In 1972 Ross founded the Houston Potters Guild and while the guild, as such, fell apart in the early 90s, The Houston Potters Guild Clay Arts Museum and Educational Organization lives on as a non-profit organization. In addition to teaching pottery it has held two events, one local the other international. The local event was the Emerging Artists Show last August for young potters. It will be held again next month.

In January the guild held the first Texas Teapot Tournament. Janis Ross says it had a life of its own.

“We thought we were going to invite potters from Texas, but the minute we got into it we realized people wanted to send their pottery from all over the United States, we said fine we’re national.
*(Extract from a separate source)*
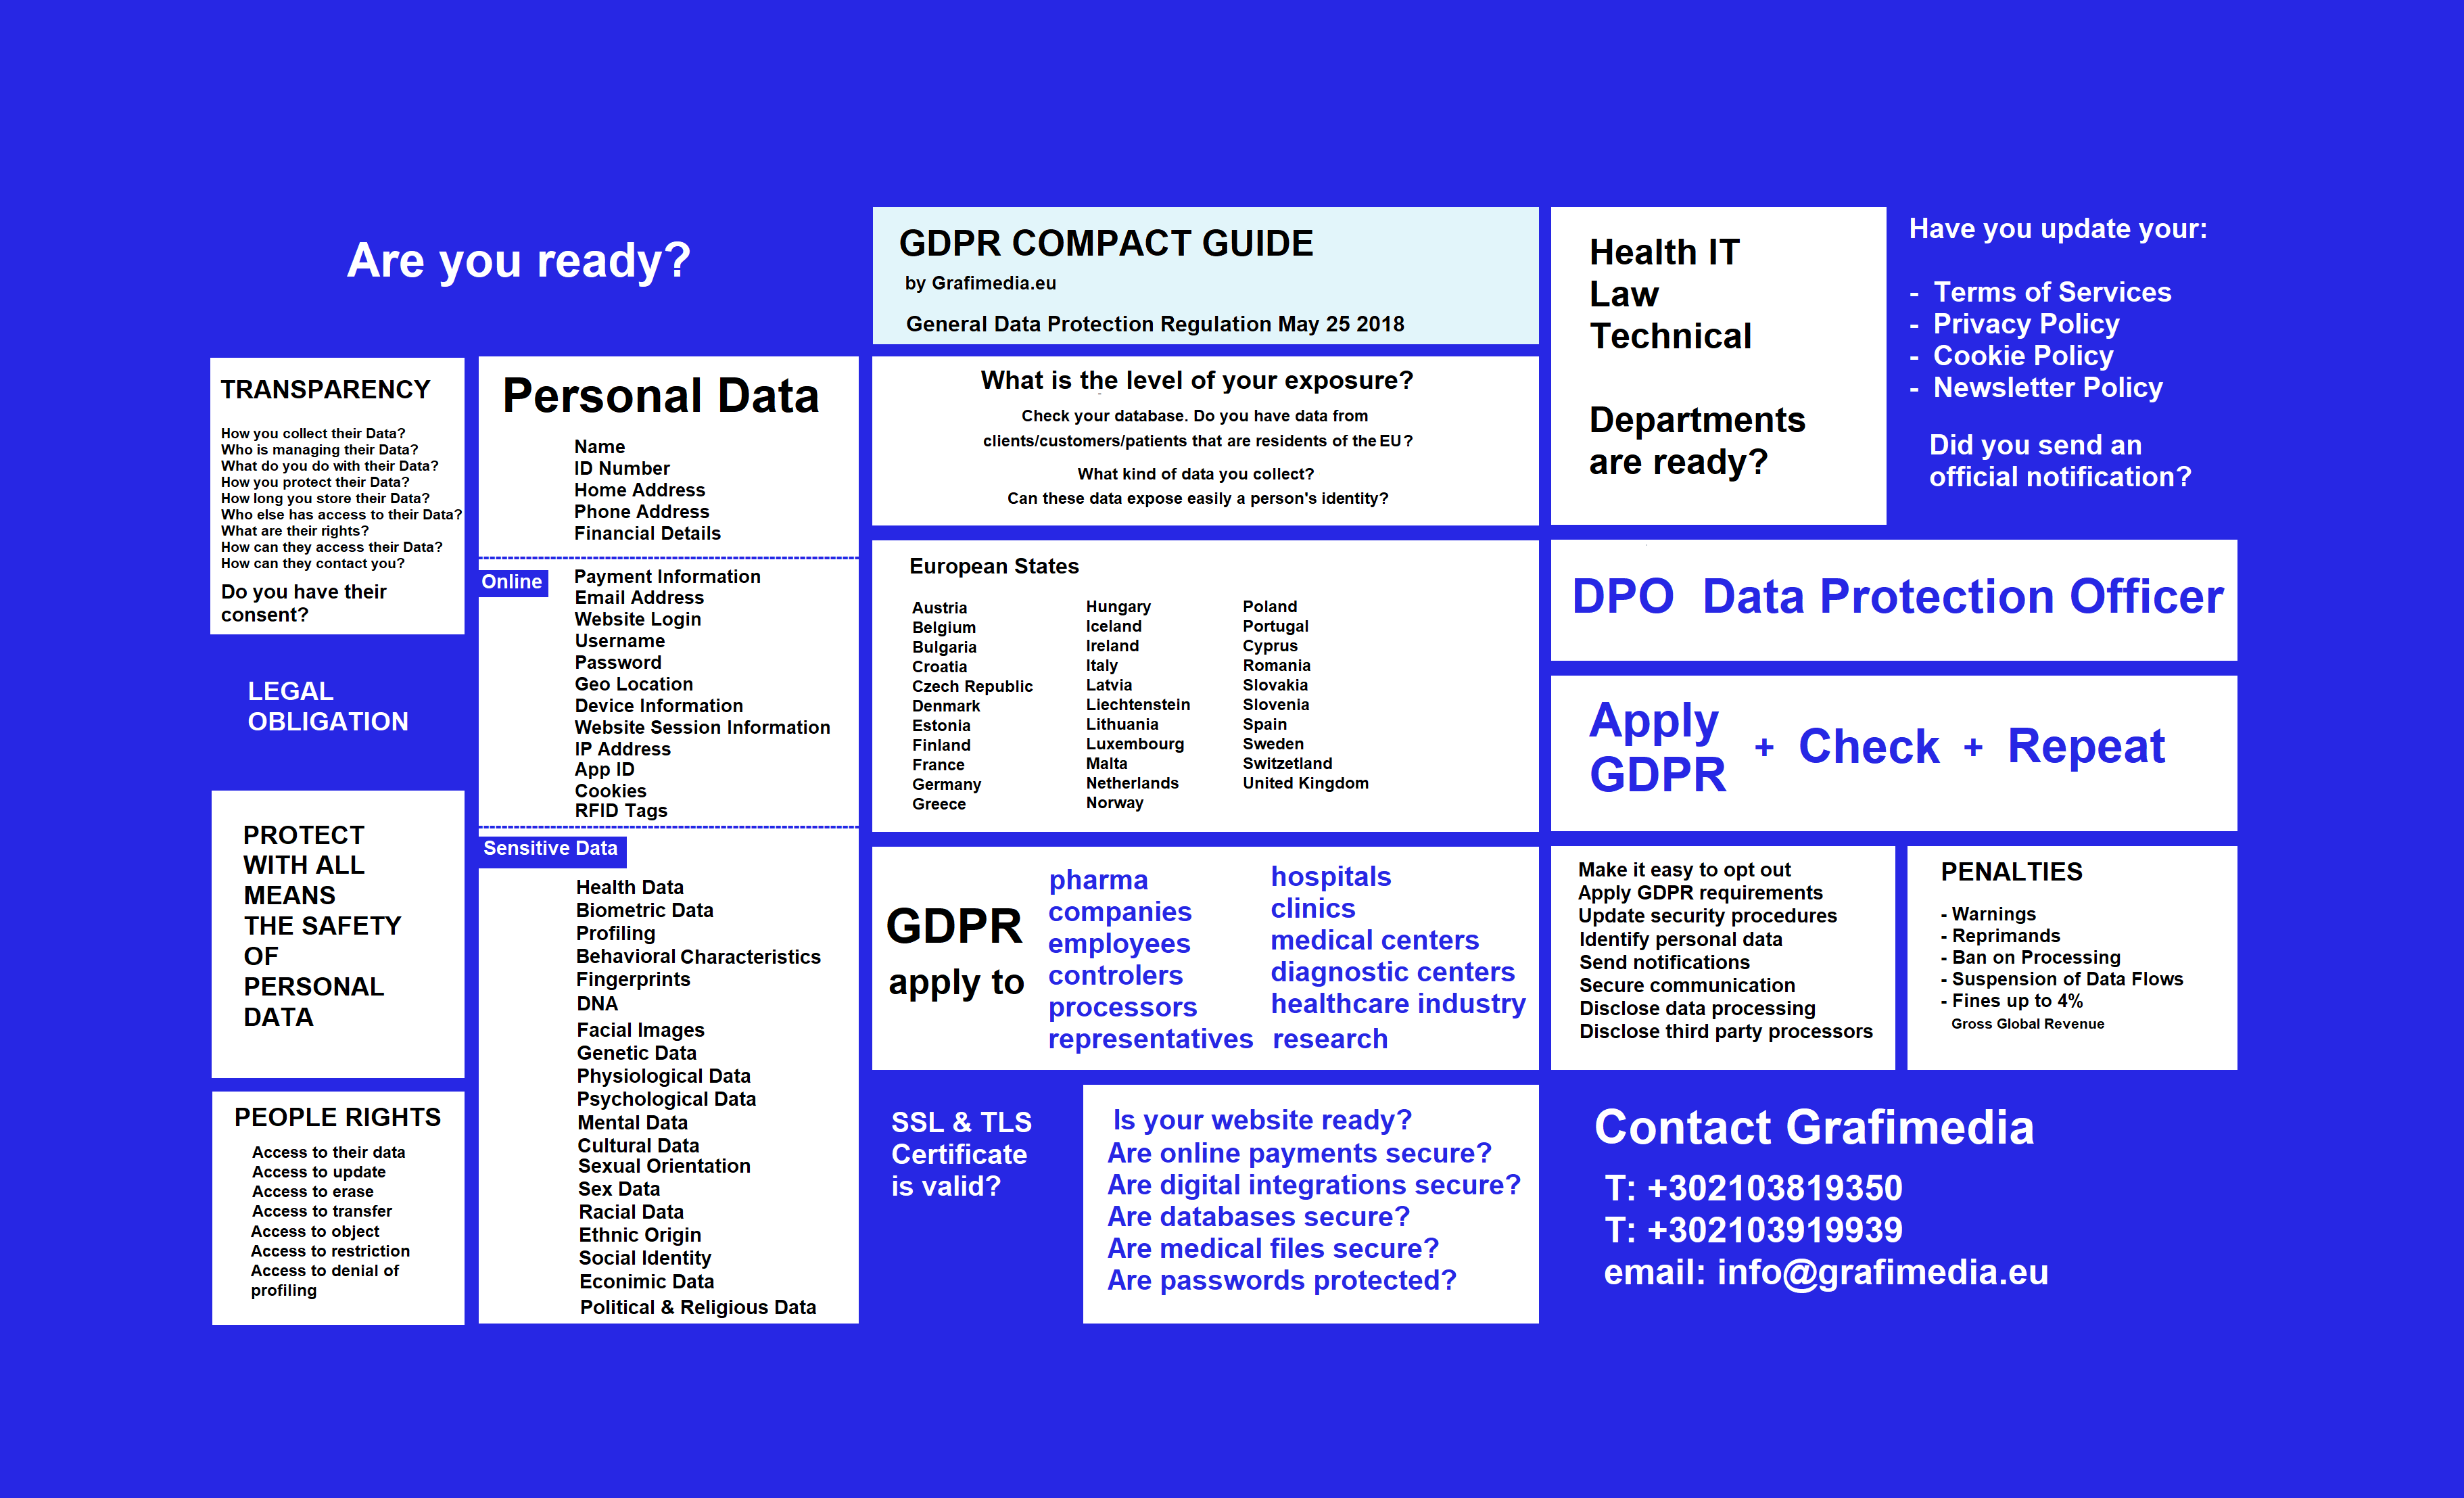 GDPR Compact Guide by Grafimedia Health IT

And then here came inquires from out of the United States: fine we were an international group. We had the most extraordinary collection of teapots you’ve ever seen.”

The Texas Teapot Tournament returns next January.

There is also ten member co-operative made up potters, photographers, painters and jewelers who have just relocated the Houston Potters Guild Shop from Rice Village to the Heights. It opened this weekend at 2726 White Oak Drive. Dorothy Broaddus, a retired teacher and professional potter says the co-op is still is like a guild.

“You can go to them and say I have this problem or I want to do this, how do I do that. That’s one big benefit, of course the other thing is to have a place where you can exhibit your work all the time and get your work out to the greater community. I do have other venues where I sell my work but none as elite as the Houston Potters Guild.”

Clay has been a part of human endeavors for tens of thousands of years from figurines to pots to tiles on the space shuttle and one of the groups making this a golden age for pottery and, hidden in Houston, is the Houston Potters Guild Clay Arts Museum and Education Organization.